Engineering Research Associates, commonly known as ERA, was a pioneering computer firm from the 1950s. They became famous for their numerical computers, but as the market expanded they became better known for their drum memory systems. They were eventually purchased by Remington Rand and merged into their Univac department.

The ERA team started as a group of scientists and engineers working for the US Navy Communications Supplementary Activity - Washington (CSAW) during WWII on code-breaking. After the war set up their own company under the direction of William Norris in a disused St. Paul, Minnesota glider factory. They were dedicated to the construction of machines for use in scientific fields, designing and building a drum memory based machine called the Atlas computer in 1950. Atlas, built for the Navy, which was the first stored program computer in the US. The Atlas was later renamed the ERA 1101 for commercial sales (it was designed under "Task 13" and 1101 is binary for the decimal number 13).

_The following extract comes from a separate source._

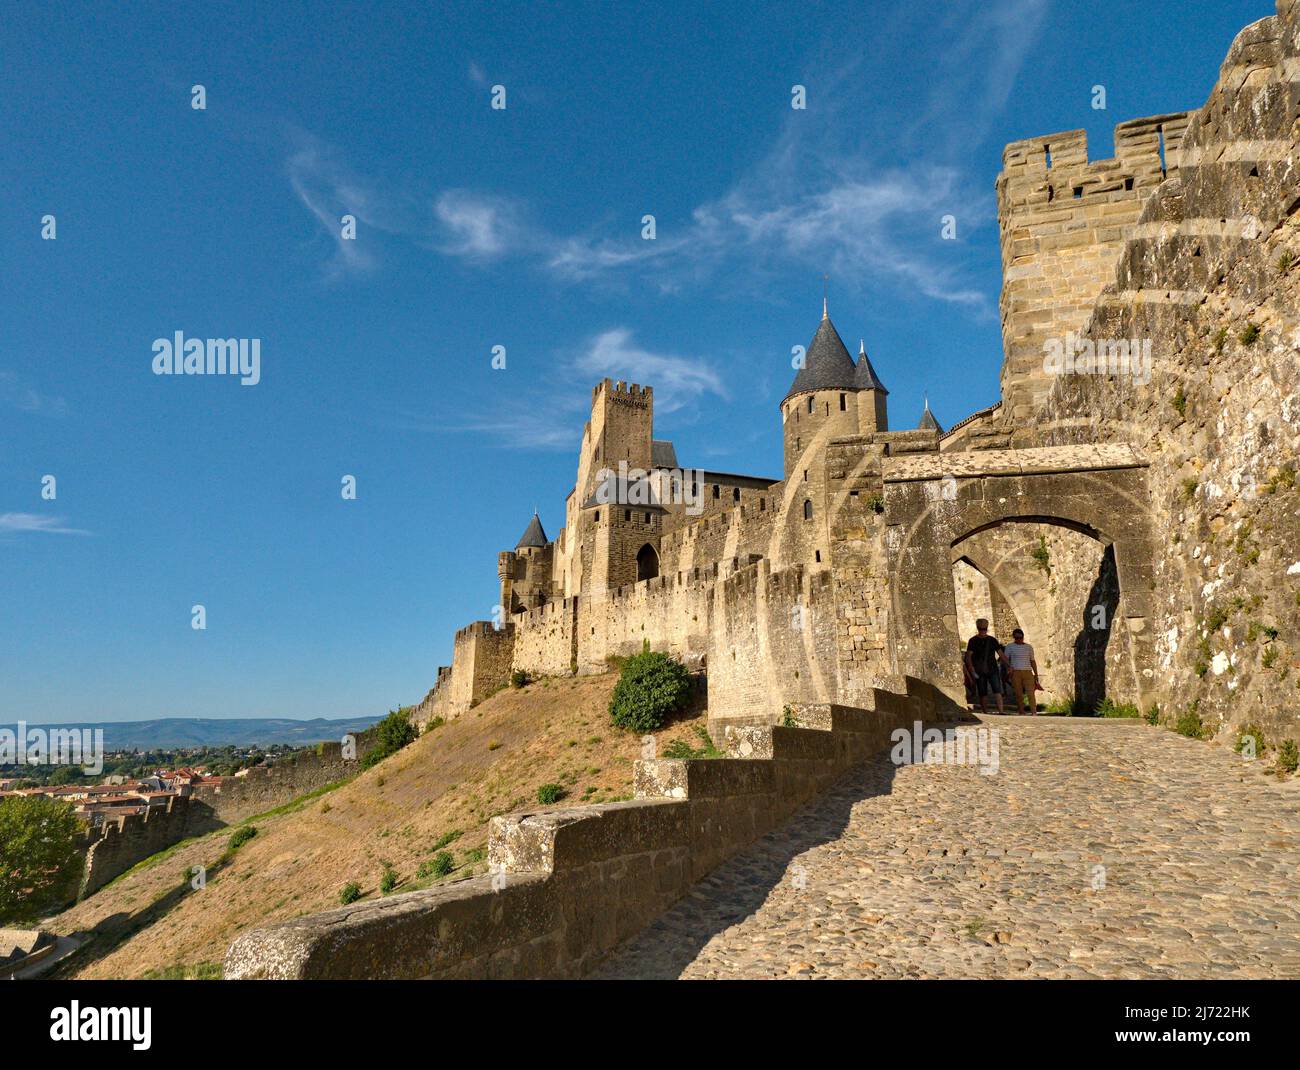 Carcassonne, Weltkulturerbe der UNESCO, ist eine mittelalterliche Festungsstadt an der Aude, Okzitanien, Frankreich Stockfoto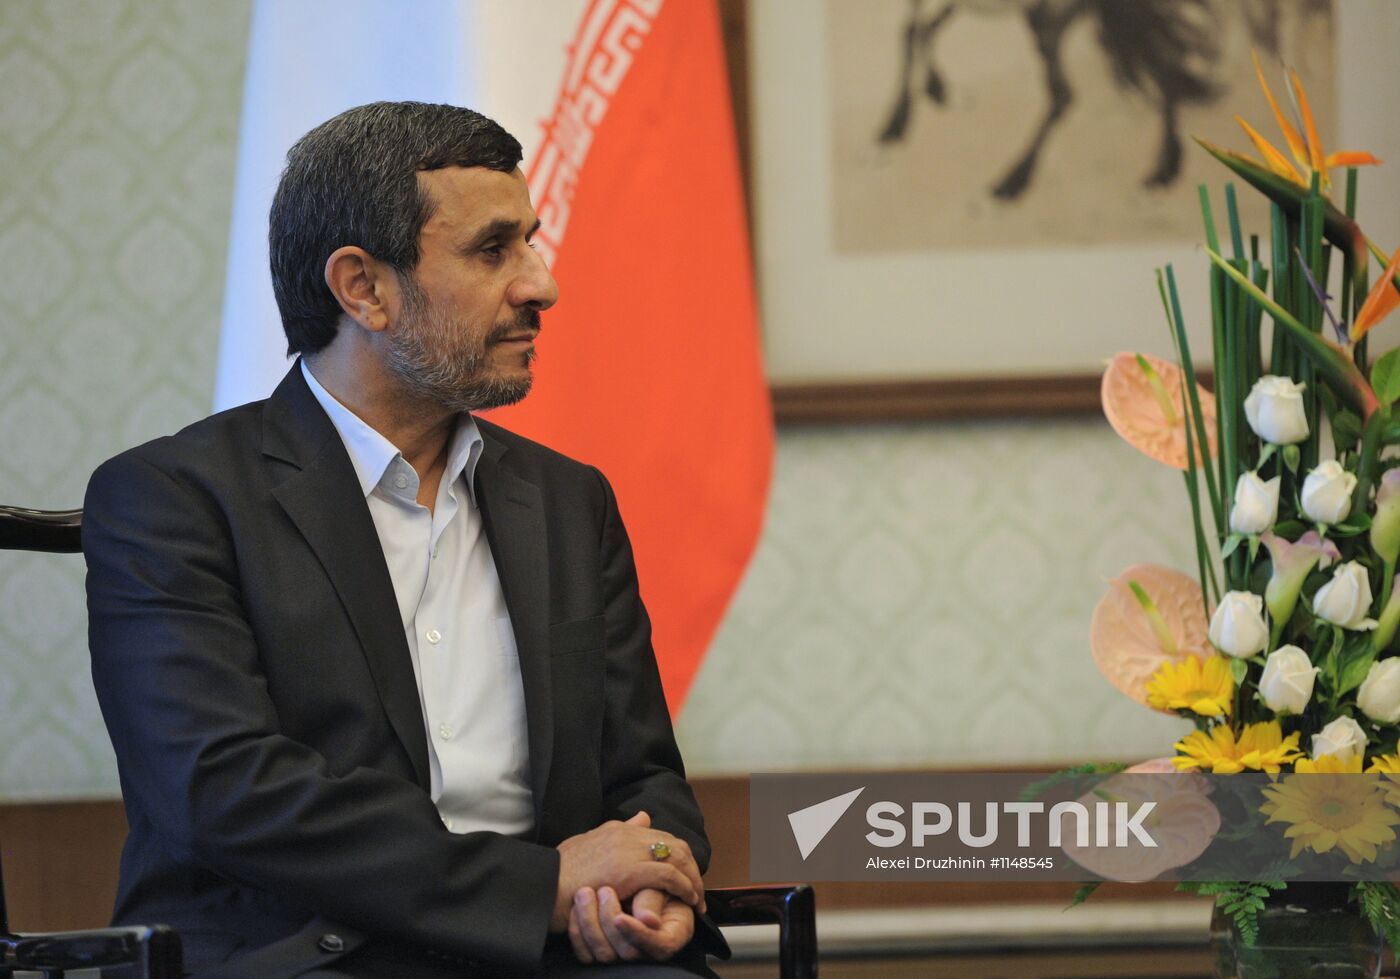 Vladimir Putin talks with Mahmoud Ahmadinejad

Even before delivery of the Atlas, the Navy CSAW asked for a more powerful machine using both Williams tubes and drum memory, a machine known as the Atlas II computer. Work began in 1950 and the completed Atlas II was delivered to the NSA in September 1953. ERA looked to selling similar machines to a number of customers, but at about this time they became embroiled in a lengthy series of political manuverings in Washington that left them drained. In 1952 they were purchased by Remington Rand, largely as a result of these problems.

Remington Rand already had a computing division however, after they had purchased the Eckert-Mauchly Computer Corporation in 1950. For a time the two companies operated as independent units within Remington, with ERA focussing on scientific and military customers, while Eckert-Mauchly's UNIVACss were sold to business customers.

However in 1955 Remington merged with Sperry Corporation to become Sperry Rand. Both ERA and Eckert-Mauchly were folded into a single division as Sperry-Univac. Much of ERA's work was dropped while their drum technology was used in newer Univac machines. A number of employees were not happy with this move and decamped to form Control Data Corporation under the leadership of Norris.

But the core of the ERA team lived on. Eventually they were moved to a new research division where they had considerably more freedom. They worked primarily on computing systems for military use, and they pioneered a number of early command and control and guidance systems for ICBMs and satellites. There they were known as the Military Division, which was later renamed the Aerospace Division.

In the late 1970s, a number of Rand employees purchased the ERA name and started a small government contracting firm. In 1989, the "new" ERA became a wholly-owned subsidiary of E-Systems. In 1995, it was merged into the Melpar division of its parent and the name once again disappeared.